Salões de beleza e barbearias entraram na Justiça para reaver perdas
George Magaraia
Salões de beleza e barbearias entraram na Justiça para reaver perdas

A Associação Brasileira de Salões de Beleza (ABSB) , entidade que representa empresas do setor de de beleza no país, decidiu entrar na Justiça em São Paulo para pedir indenização pelas perdas sofridas com as restrições de funcionamento durante a pandemia . O próximo passo é ingressar com ação no Rio.

A estratégia é entrar primeiro com ações civis públicas contra o governo do estado de São Paulo e mais 12 prefeituras no estado, incluindo a capital. Segundo a associação, o estado paulista concentra uma fatia importante do setor de beleza no país.
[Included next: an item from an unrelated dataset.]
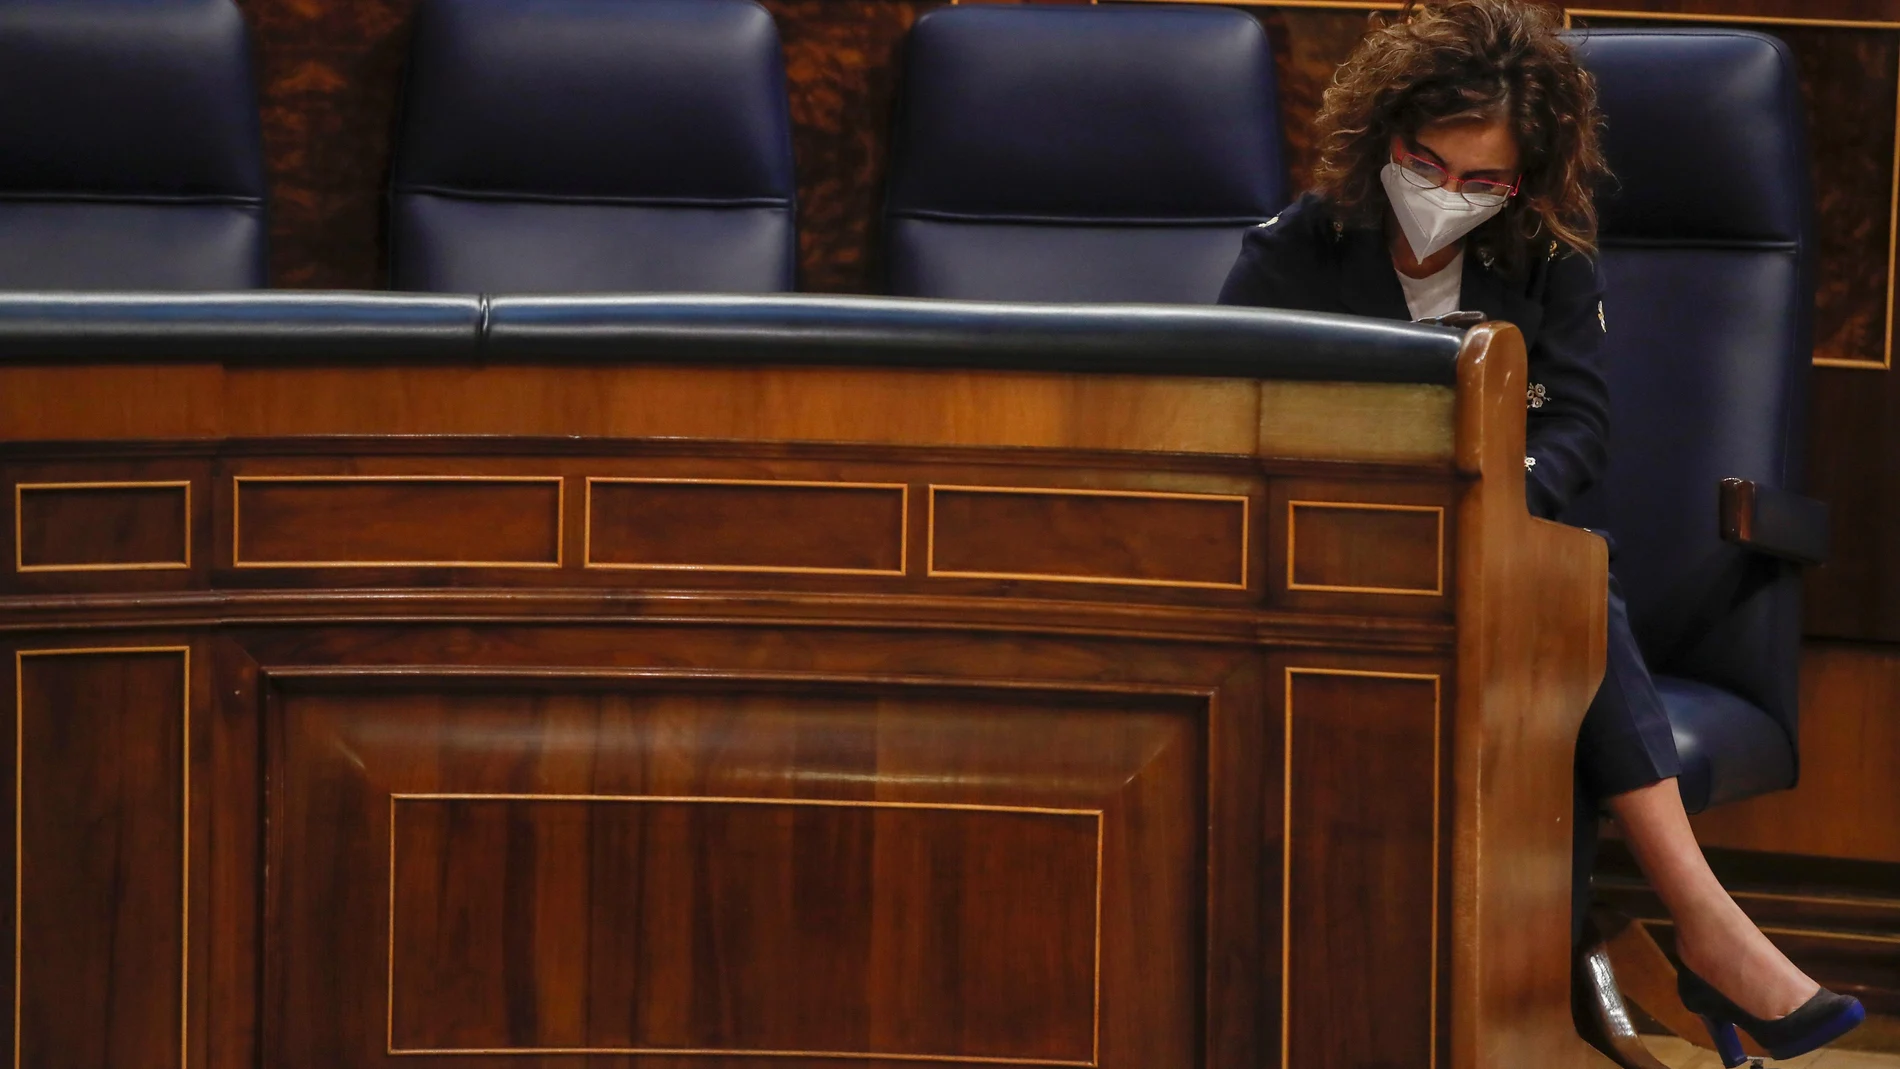 La ministra de Hacienda, María Jesús Montero, toma notas mientras escucha una pregunta de la oposición durante la sesión de control al Gobierno en el Congreso de los Diputados

O próximo estado a ser alvo da ação civil pública será o Rio, além da capital. A associação também deve ingressar com ações no Rio Grande do Sul, bem como em outros estados e municípios ainda estudados.

O objetivo da medida é promover acordos e renegociações de dívidas tributárias, tanto aos estabelecimentos que precisaram encerrar as atividades quanto às empresas que permenecem em funcionamento, mas que acumularam dívidas.

"Mais de 30% dos negócios encerraram as atividades e temos mais de 50% dos negócios com dívidas consideráveis. E, durante o período em que os estabelecimentos ficaram fechados, não tivemos nenhuma contrapartida, benefício ou ajuda no sentido de amenizar o problema econômico causado pelo fechamento", diz José Augusto Santos, presidente da entidade.

Iniciativa ganha adesão de segmentos

A estratégia da ABSB é semelhante à iniciativa da Associação Brasileira de Bares e Restaurantes (Abrasel) , que há pouco mais de uma semana decidiu pedir indenização a prefeituras e estados por perdas sofridas com as medidas de restrição.

A entidade foi a primeira iniciar o movimento de ingressar com ações civis públicas, há pouco mais de uma semana. O movimento tem ganhado a adesão de outros segmentos, como shopings e confederação comercial , que também estudam entrar com pedido de reparação.